**Brief**.
Every line of the material must be given again verbatim. Skip the images.

**Collected material**.
________________

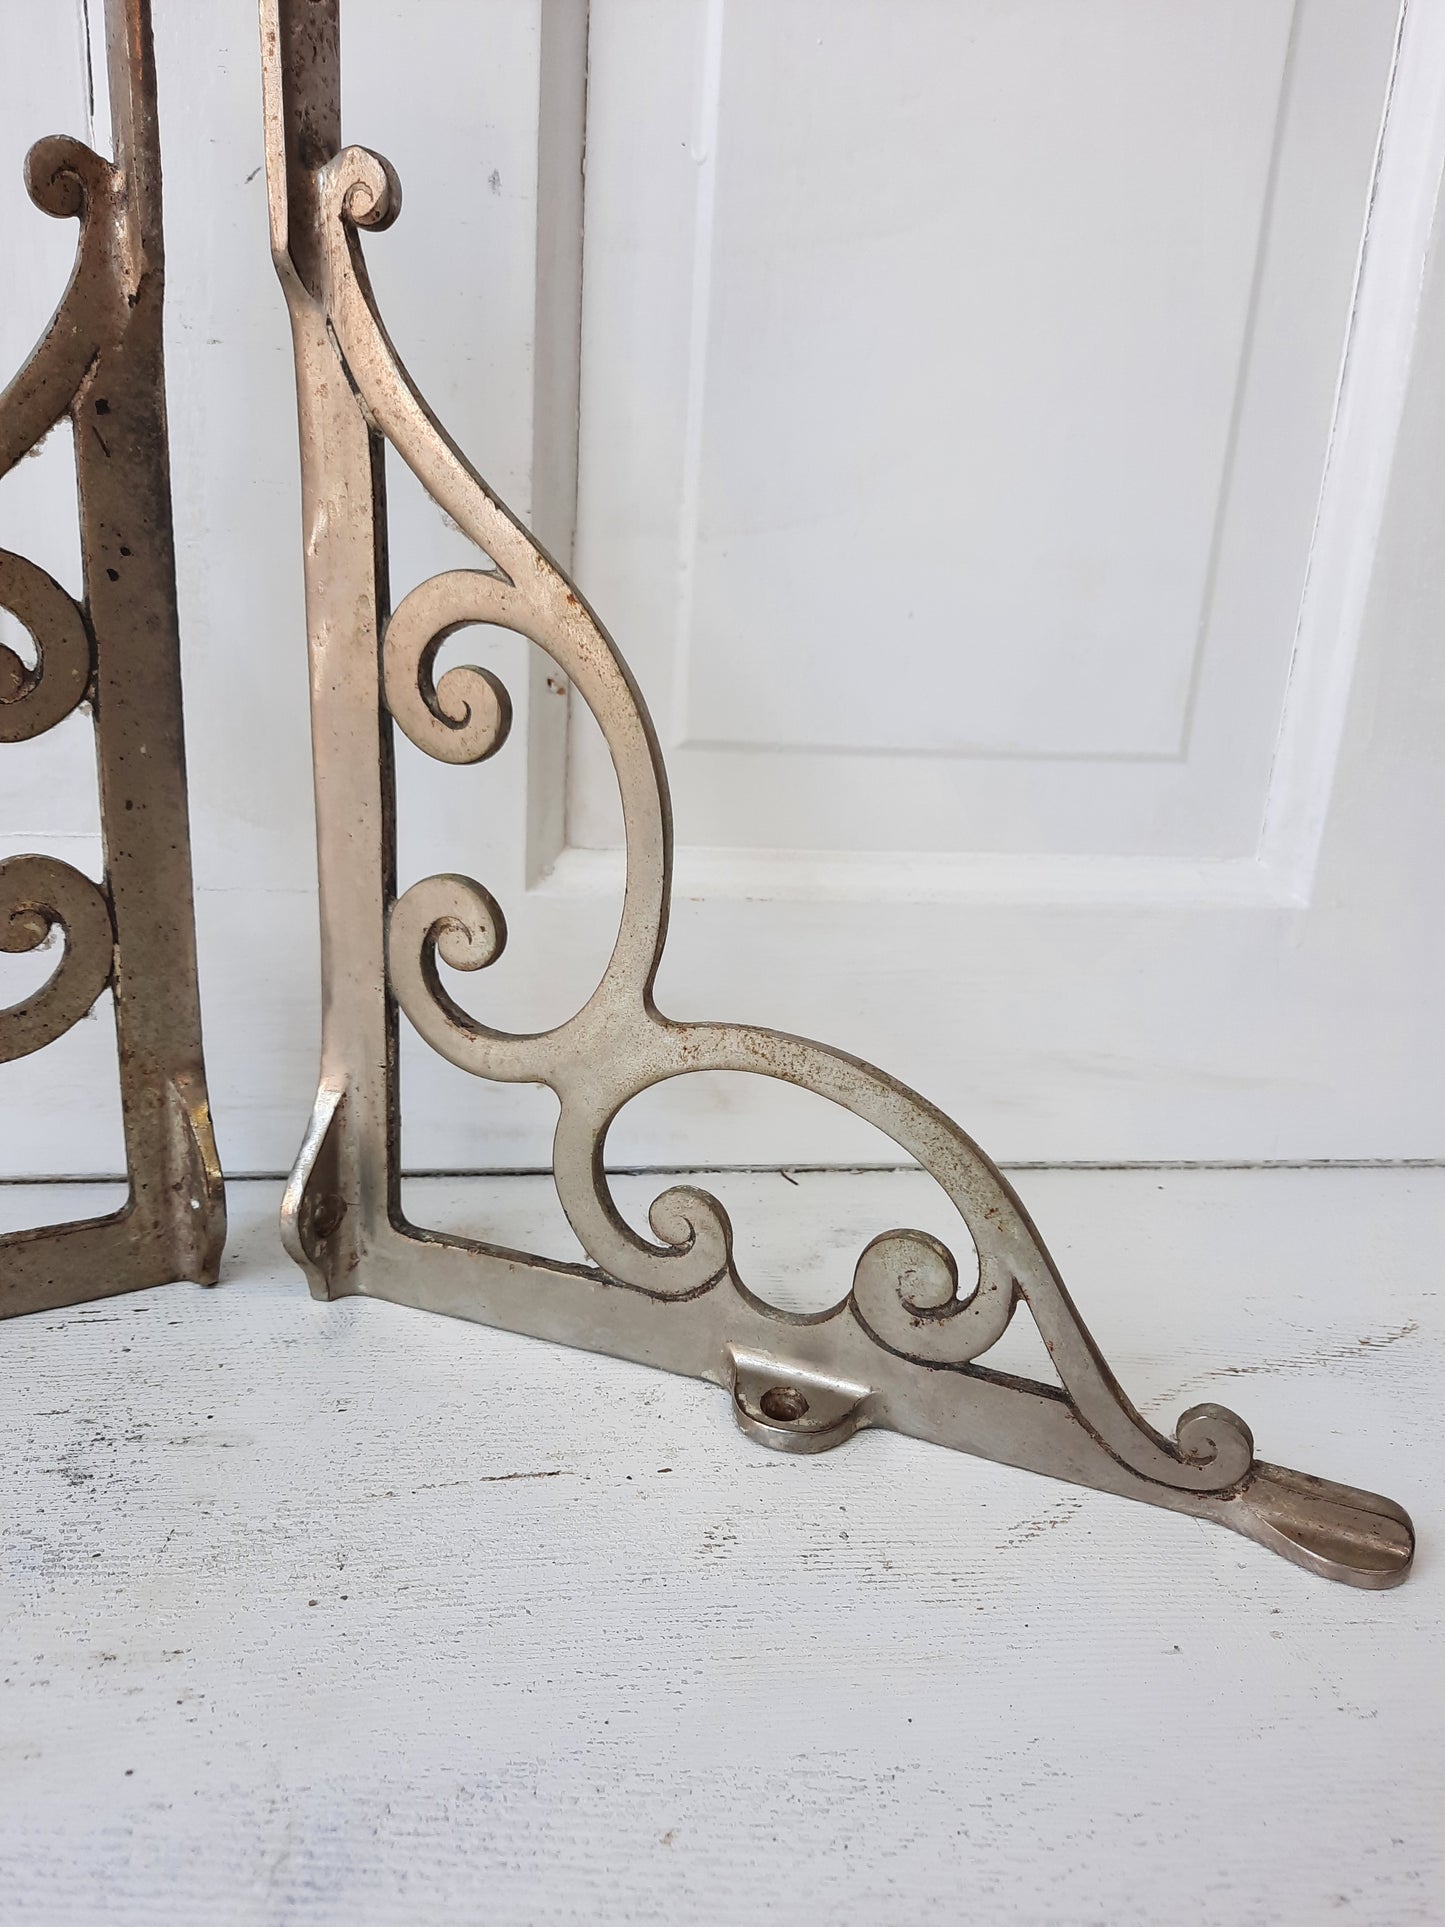 Pair of Nickel Plated Silver Shelf Brackets, Ornate Design Scroll Cast Iron Shelf Supports
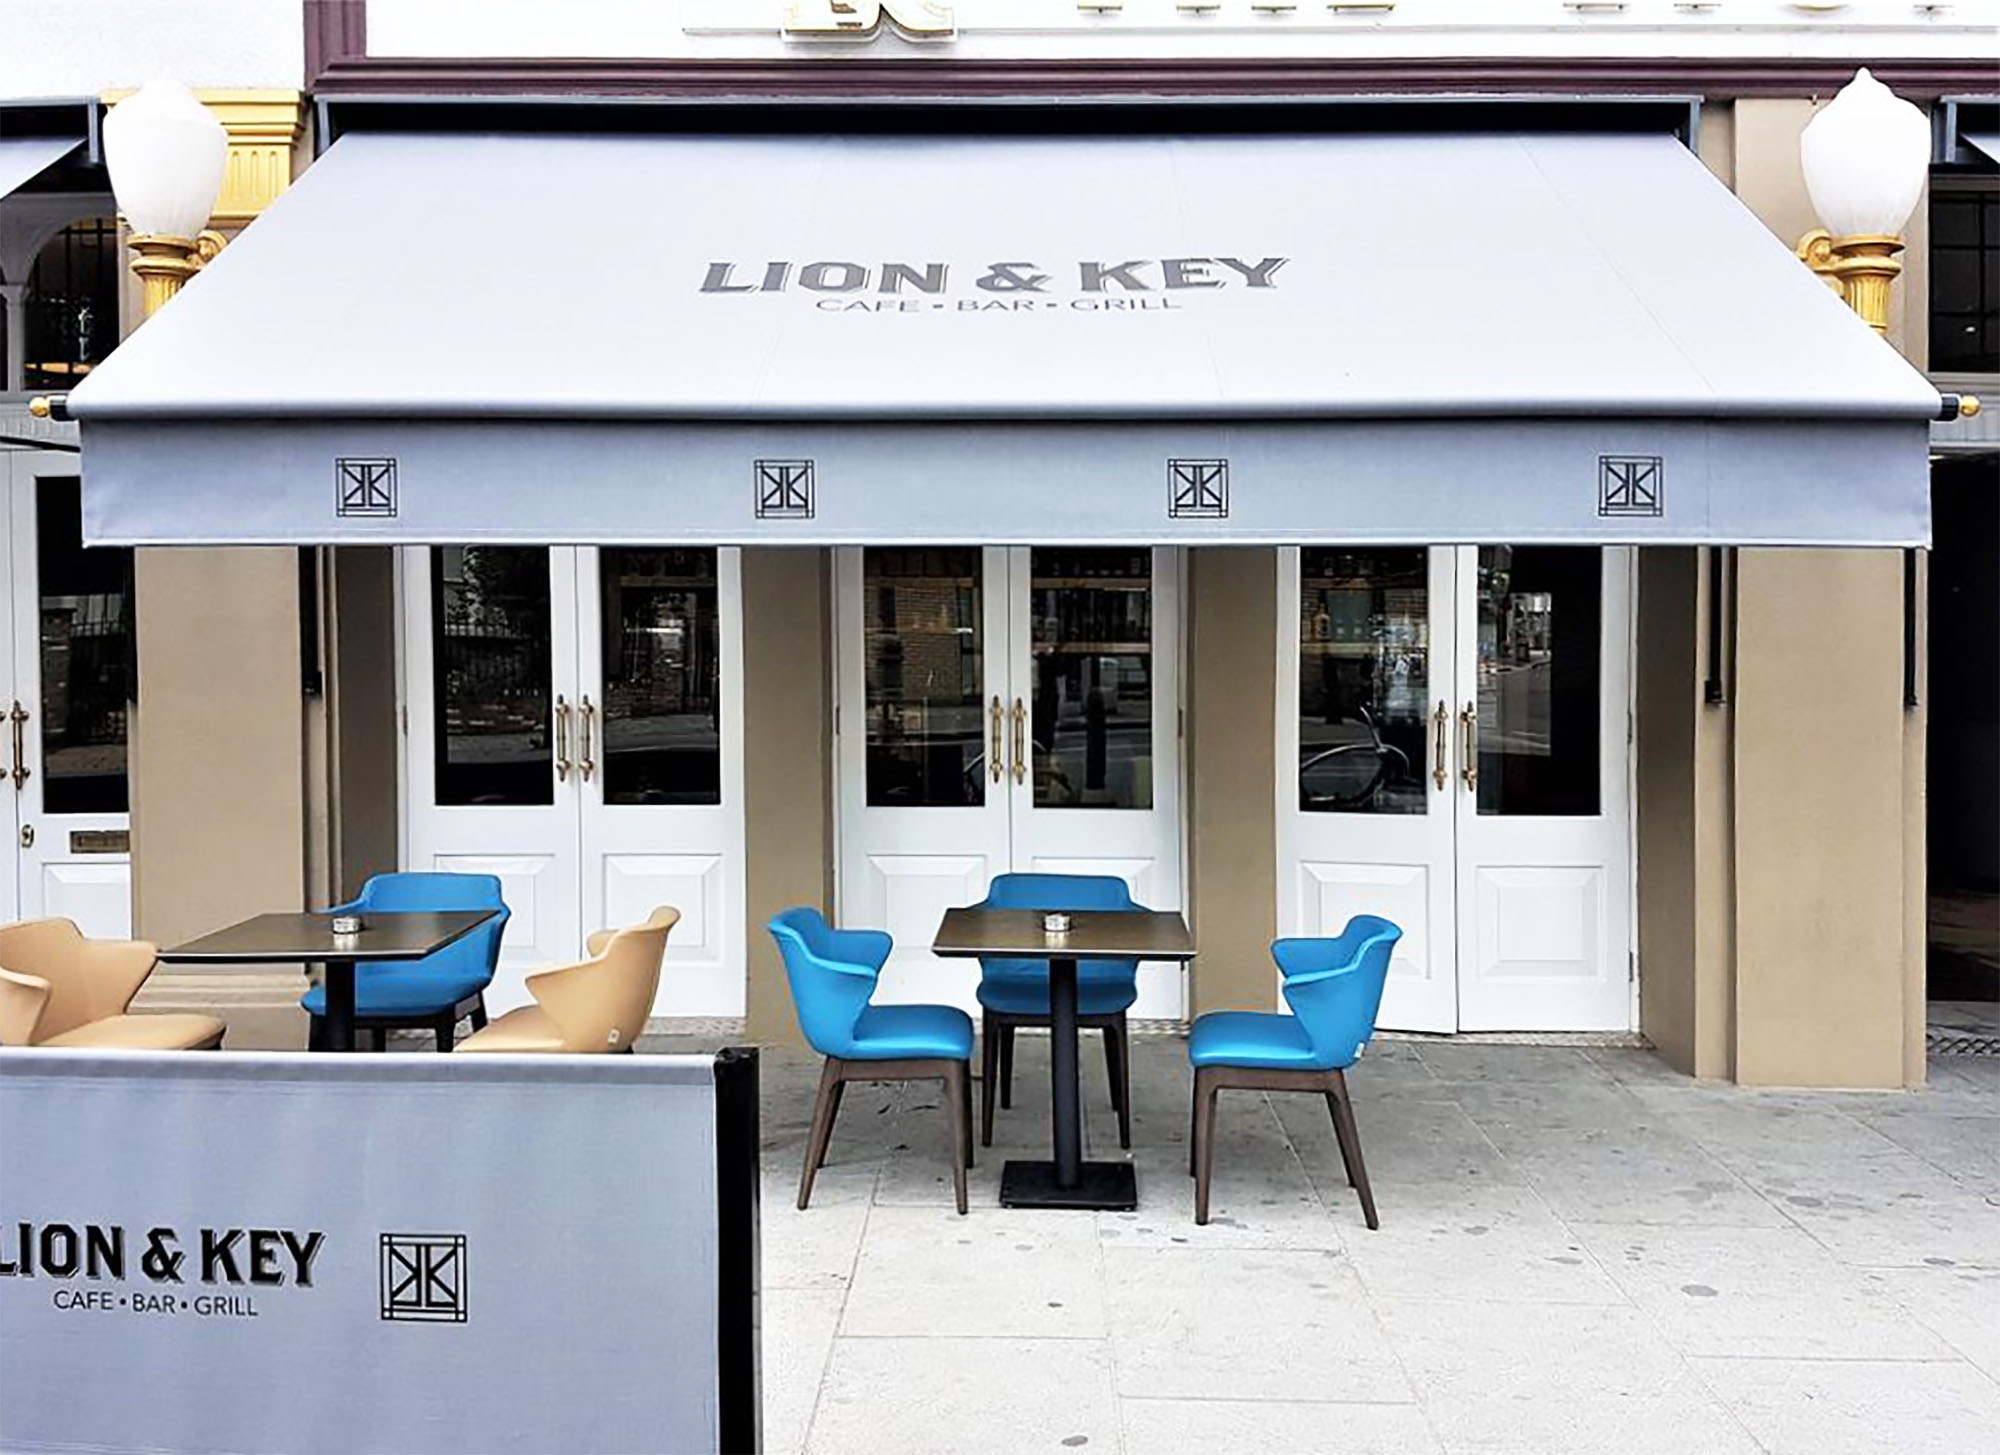 Lion & key awnings
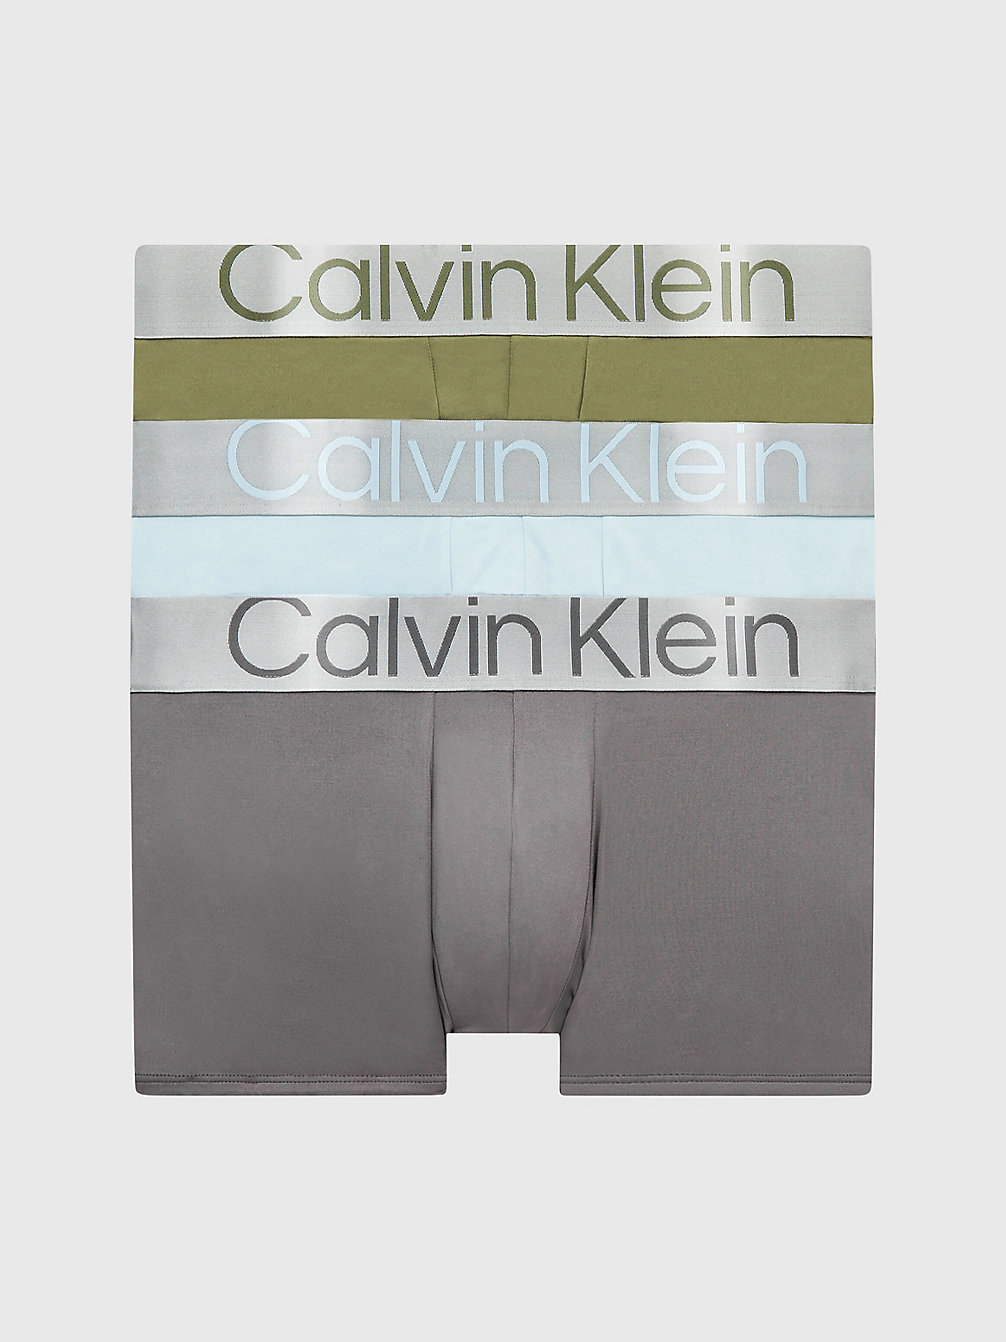 NAPA/ PALEST BLUE/ GREY SKY Lot De 3 Boxers Taille Basse - Steel Micro undefined hommes Calvin Klein

________________

**Problem solution**.
 Pair of Nickel Plated Silver Shelf Brackets, Ornate Design Scroll Cast Iron Shelf Supports
 Lion & key awnings
 NAPA/ PALEST BLUE/ GREY SKY Lot De 3 Boxers Taille Basse - Steel Micro undefined hommes Calvin Klein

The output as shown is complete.